I got the black screen along with the screeching a few days after the L4.01 update but have not seen it since.


----------



## AVJohnnie

Hall said:


> I had this happen a few days and put it off as "user error" but it did it again to me today. Here's the steps:
> 
> 
> Press DVR (3) times
> Choose "Timers" from right
> Select a program (a timer event) from the list
> Choose Delete from right
> Confirm "Yes"


Another oddity with the Daily schedule screen (accessed via 3 DVR button pushes) that I've had with L4.01 occurs when I "Restore" a skipped event. More often than not it will continue to show as skipped in the schedule screen until I completely exit all DVR menus and come back in again.


----------



## AVJohnnie

Mike D-CO5 said:


> IT seems to me the dish or the receiver, is having problems deciding whether to go to 129 or 61.5 for my hd channels and it is causing the lost locks. IF I go to check say RAVE channel on the transponder and it is on 129, but the message under the strength menu is in red and says wrong satellite 61.5 , then this creates a lost lock.

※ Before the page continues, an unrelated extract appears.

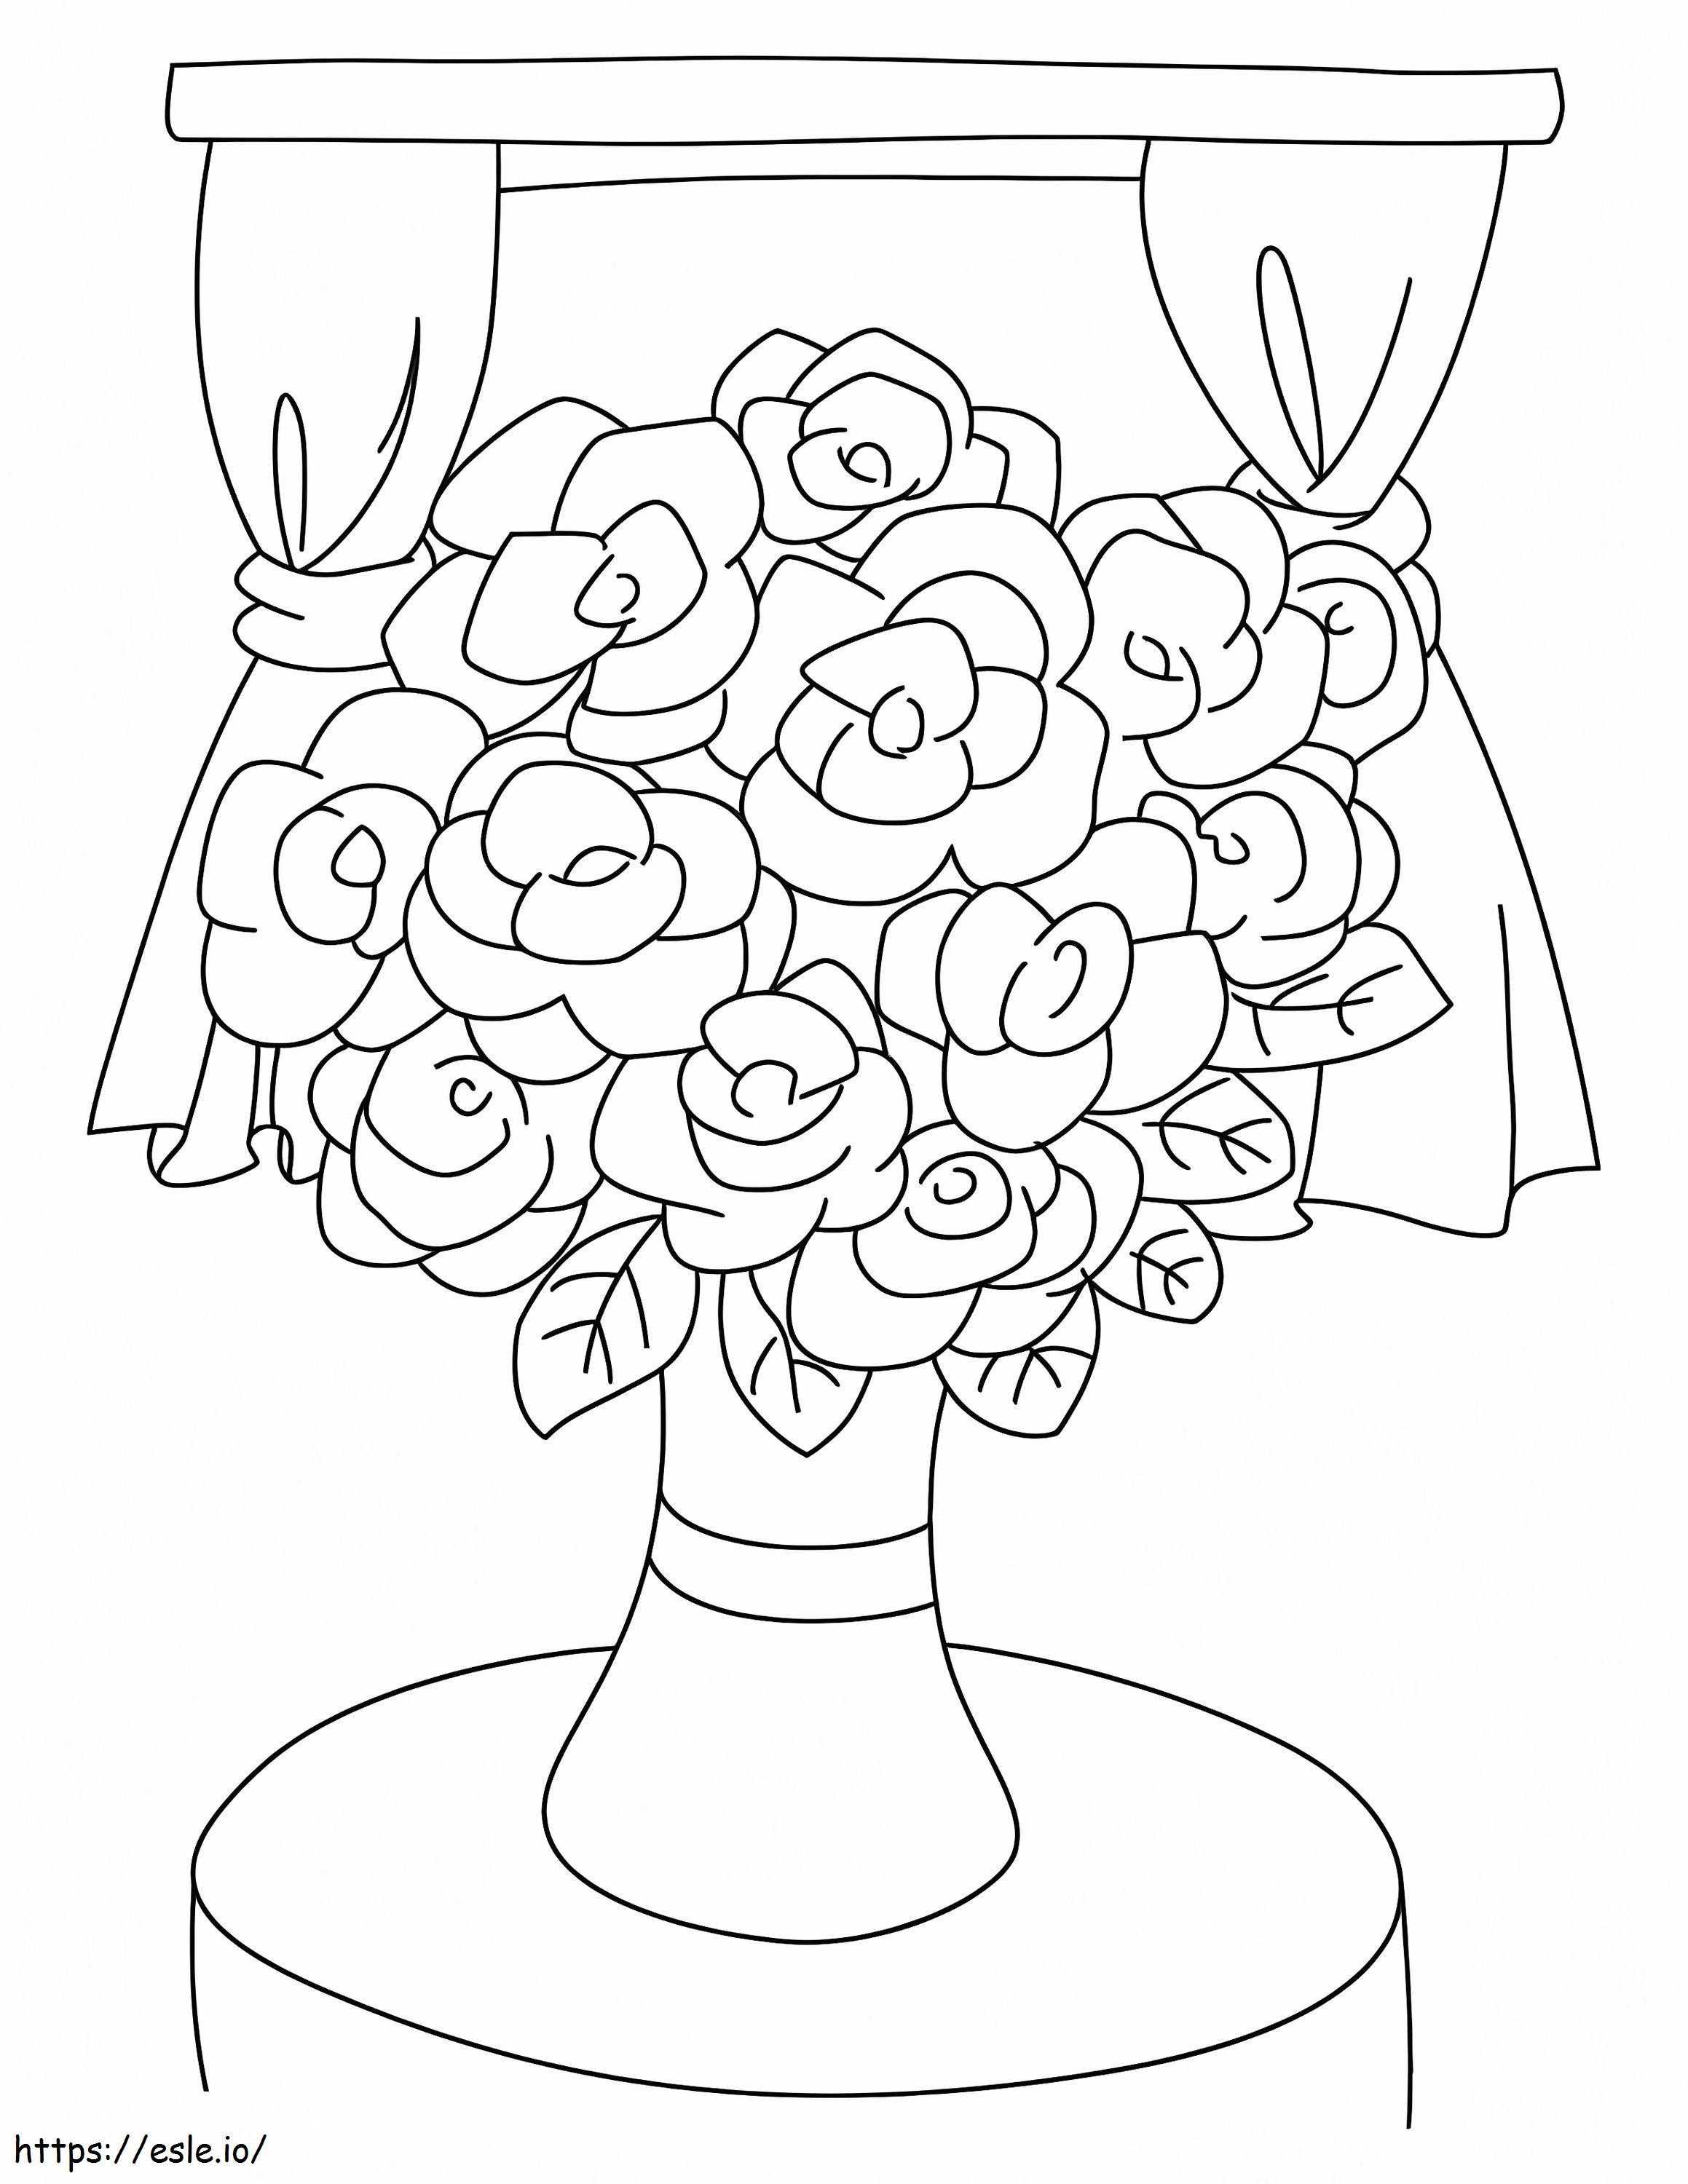 Gardenia At Home coloring page
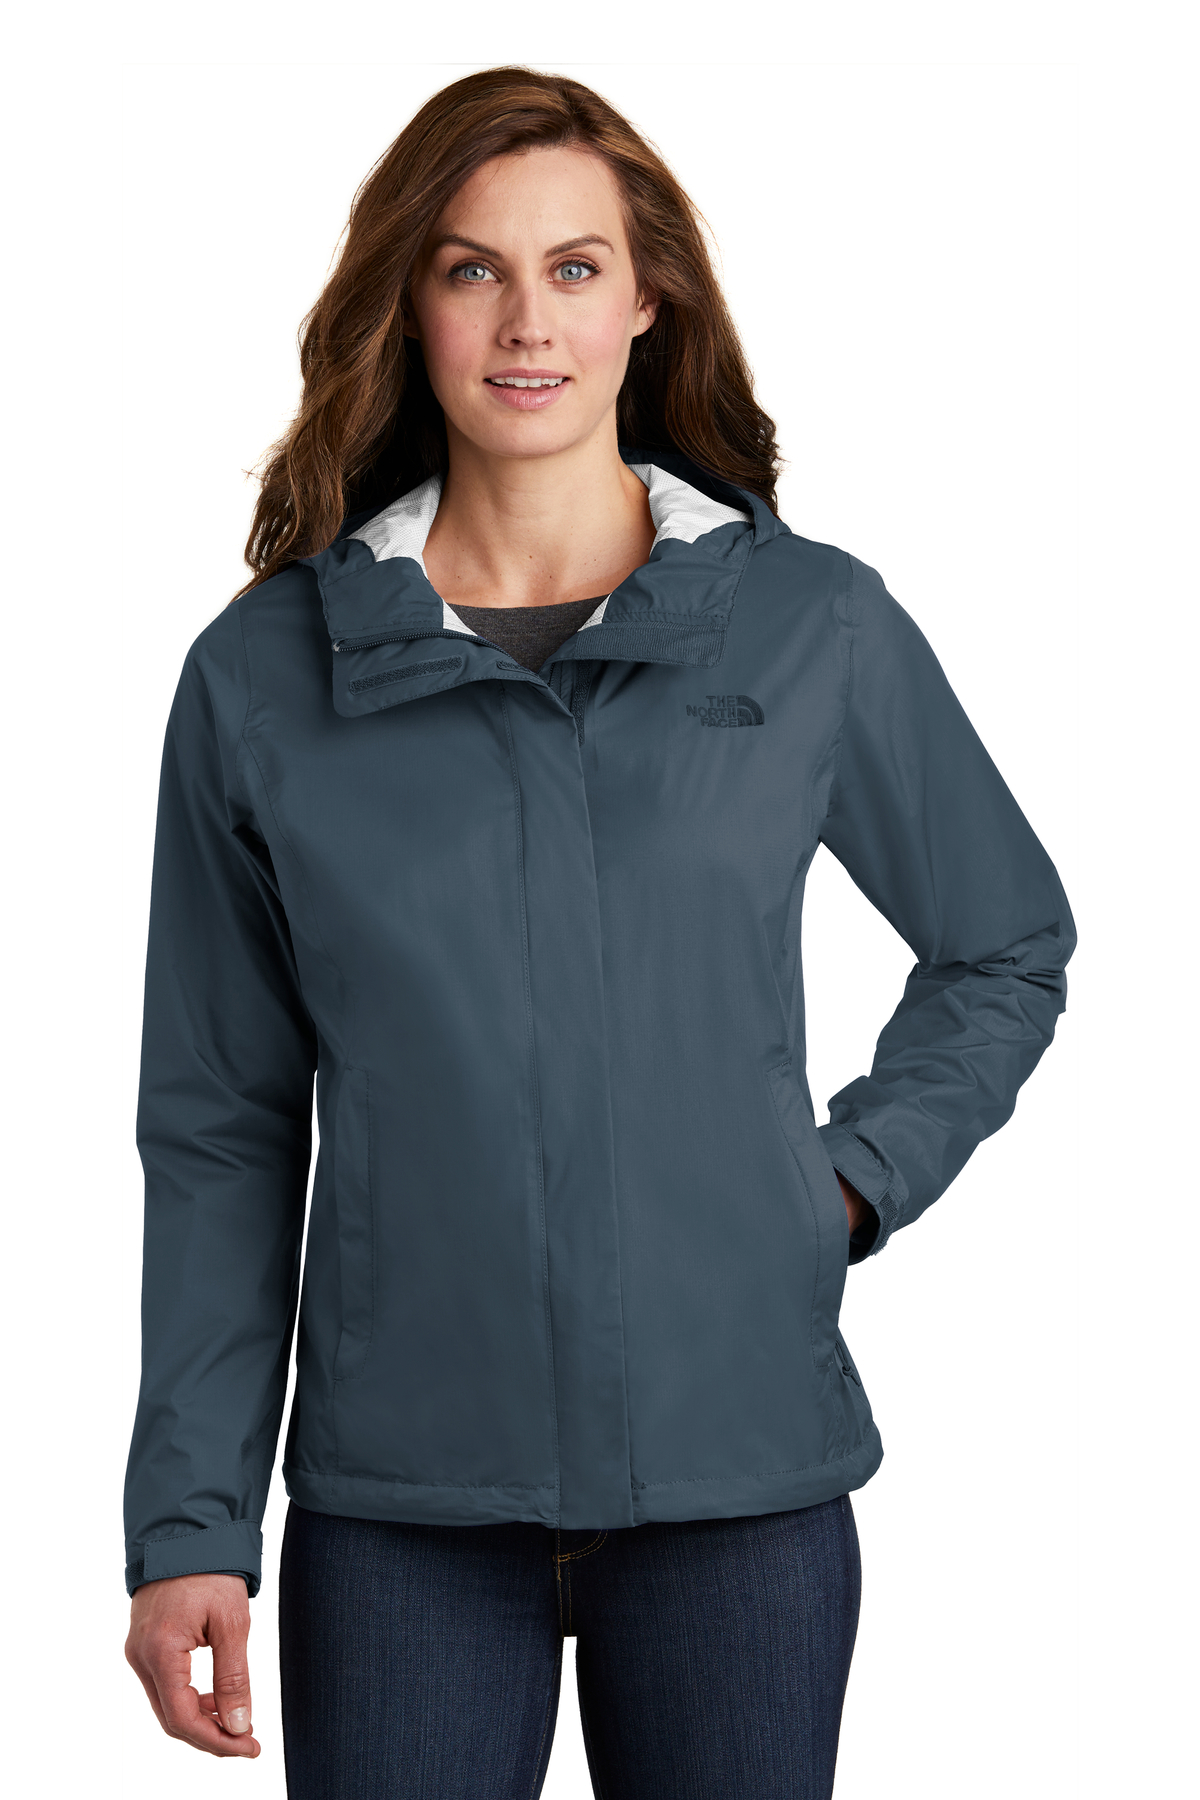 The North Face Women's DryVent Rain Jacket | Outerwear - Queensboro

Interesting - that is exactly what the CSR told me she thought was happening on my system when I called support last week. I guess she figured it out based on the results of the tests she had me doing&#8230;


----------



## Mike D-CO5

AVJohnnie said:


> Interesting - that is exactly what the CSR told me she thought was happening on my system when I called support last week. I guess she figured it out based on the results of the tests she had me doing&#8230;


 I wonder if I disconnect the 61.5 sat if this will correct the lost locks?


----------



## AVJohnnie

Mike D-CO5 said:


> I wonder if I disconnect the 61.5 sat if this will correct the lost locks?


If you do it I'd be curious to hear your results. As for me, I'm going to wait and see if L4.02 gets things back to tolerable again.


----------



## Mike D-CO5

I just remembered that I used to have the 129 lnb covered with foil to get it out of the check switch matrix- so it would default to 61.5. I actually reran the check switch matrix so it would include the 129 sat after the initial download, because I thought it was causing my lost locks then. So I guess I will wait for L402 as well.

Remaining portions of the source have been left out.